RAW DATA
--------
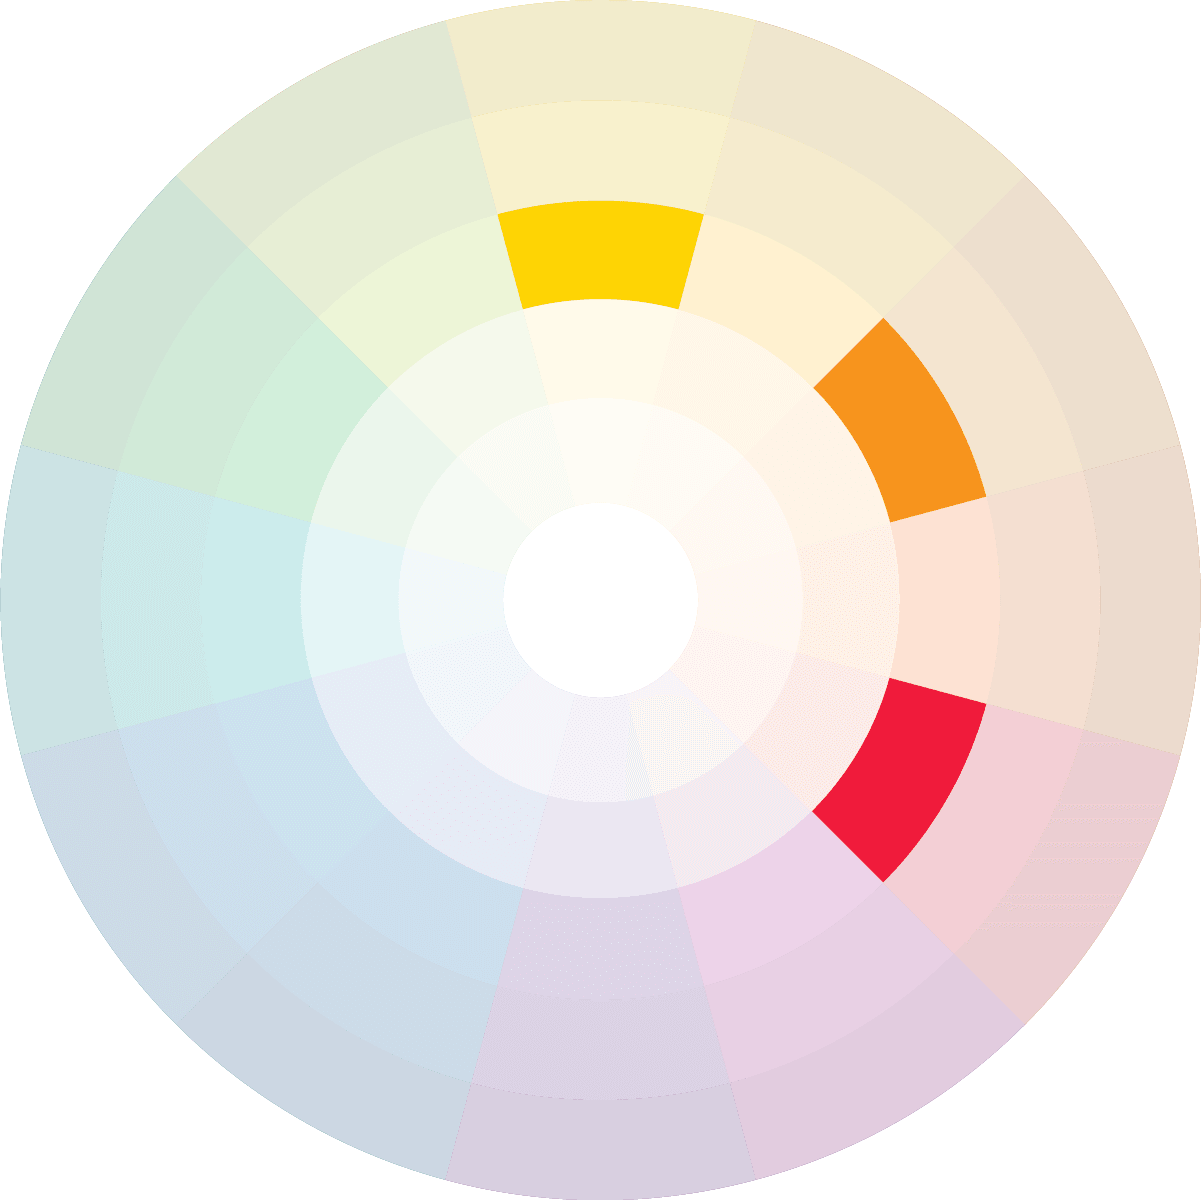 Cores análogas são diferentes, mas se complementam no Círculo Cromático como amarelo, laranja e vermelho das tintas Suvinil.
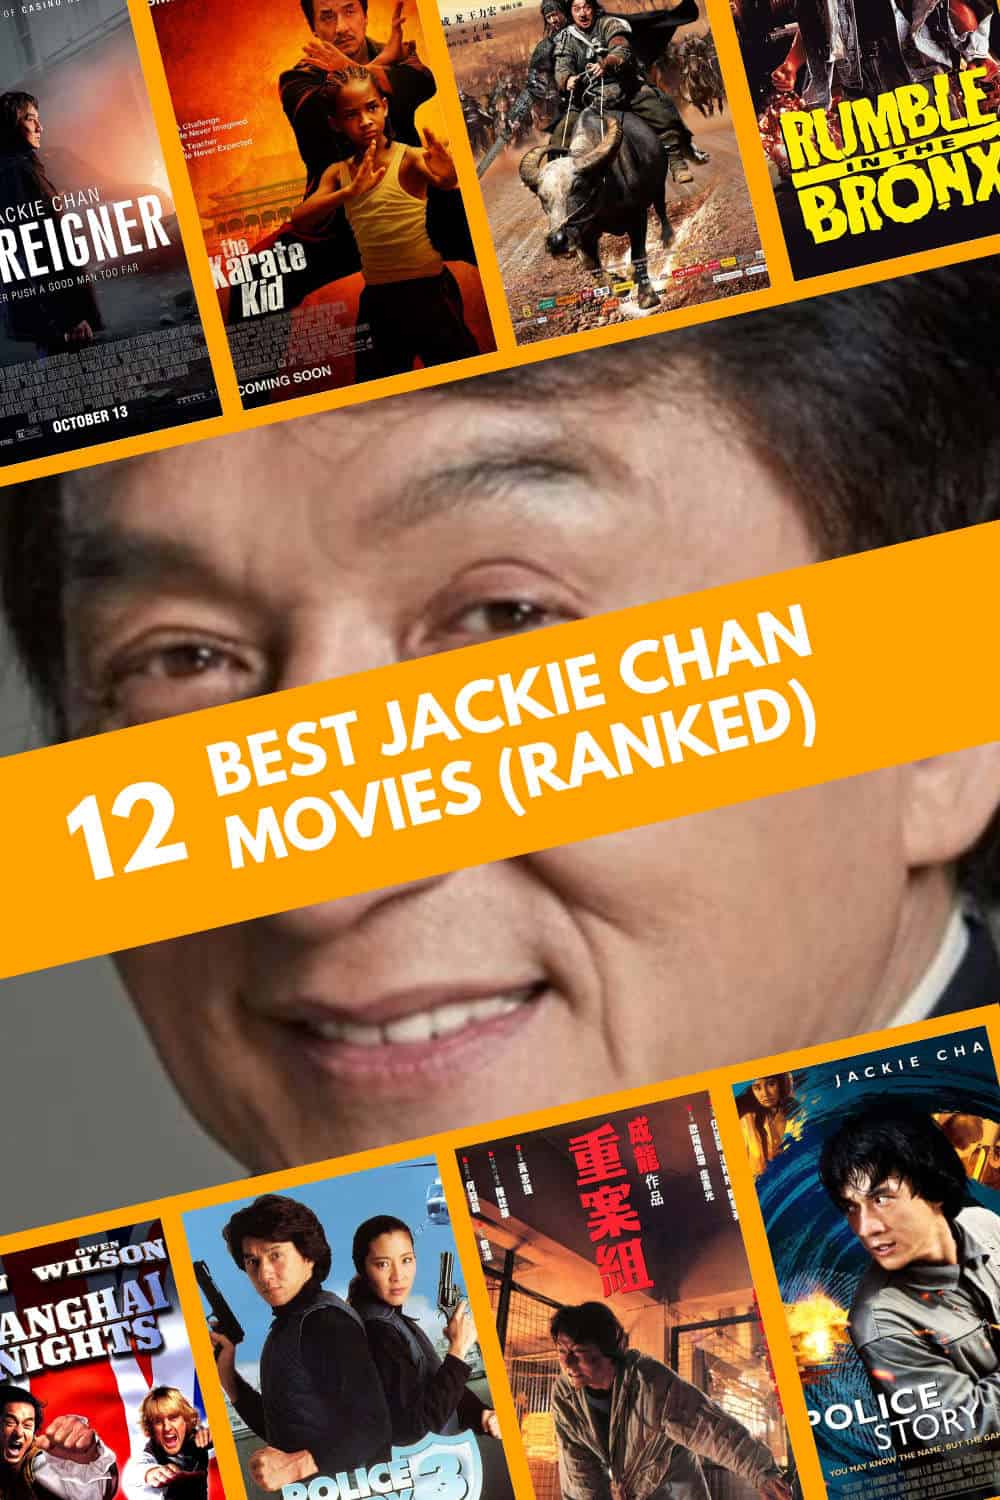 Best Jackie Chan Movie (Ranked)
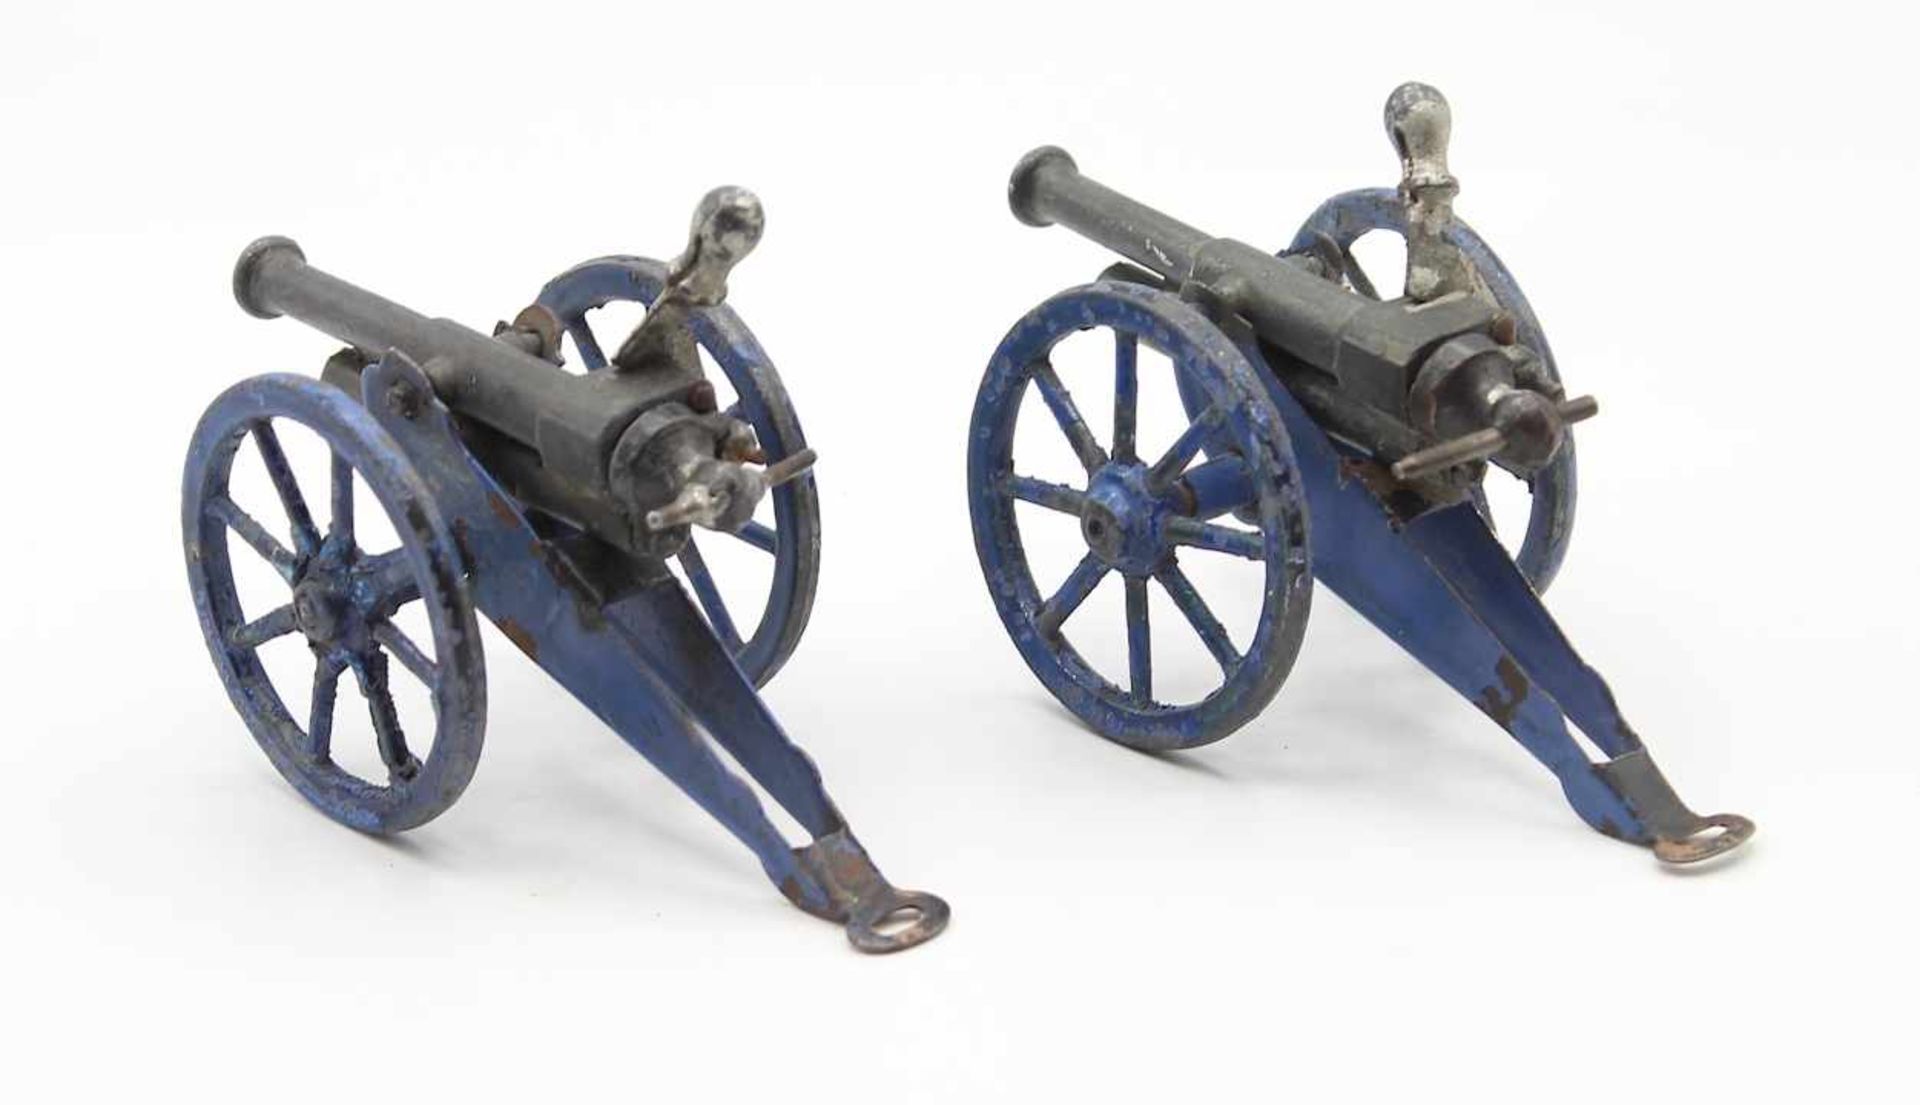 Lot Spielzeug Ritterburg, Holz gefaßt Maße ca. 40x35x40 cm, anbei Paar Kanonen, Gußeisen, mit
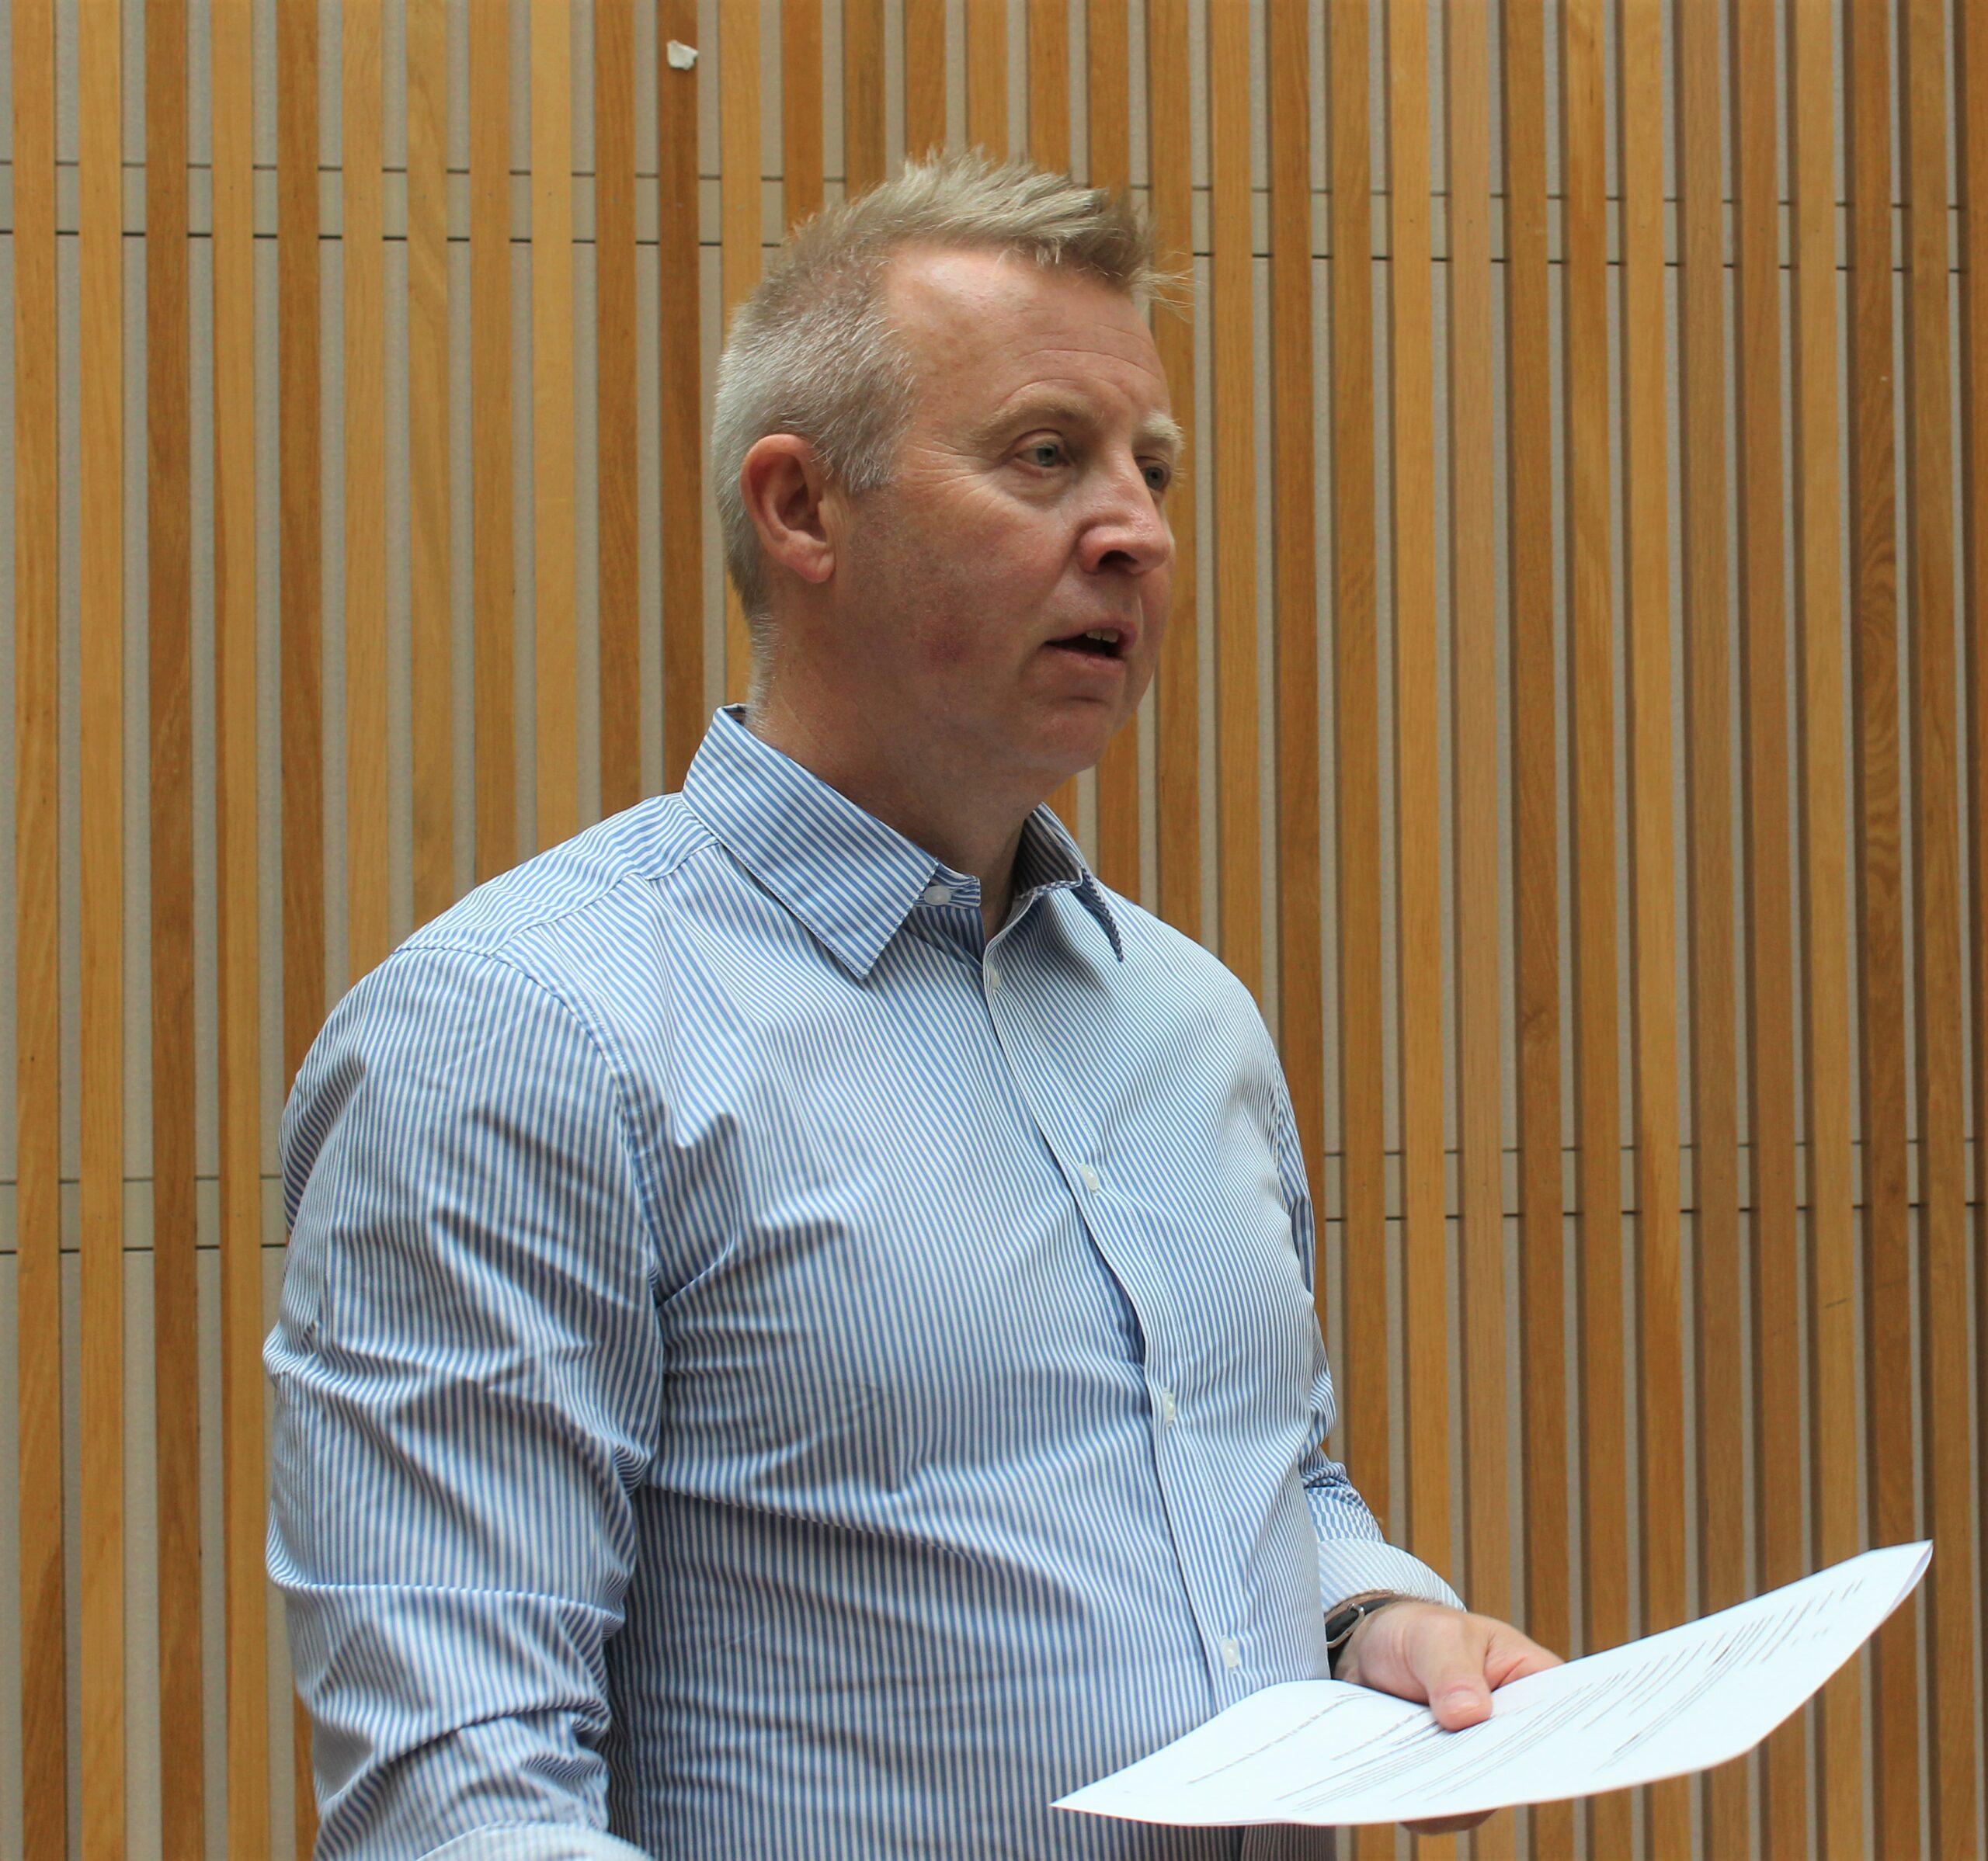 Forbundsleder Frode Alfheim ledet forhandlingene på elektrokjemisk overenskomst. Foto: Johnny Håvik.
--------
TASK DESCRIPTION
Working from the listing above, retype it exactly but include no images.

EXPECTED OUTPUT
 Cores análogas são diferentes, mas se complementam no Círculo Cromático como amarelo, laranja e vermelho das tintas Suvinil.
 Best Jackie Chan Movie (Ranked)
 Lot Spielzeug Ritterburg, Holz gefaßt Maße ca. 40x35x40 cm, anbei Paar Kanonen, Gußeisen, mit
 Forbundsleder Frode Alfheim ledet forhandlingene på elektrokjemisk overenskomst. Foto: Johnny Håvik.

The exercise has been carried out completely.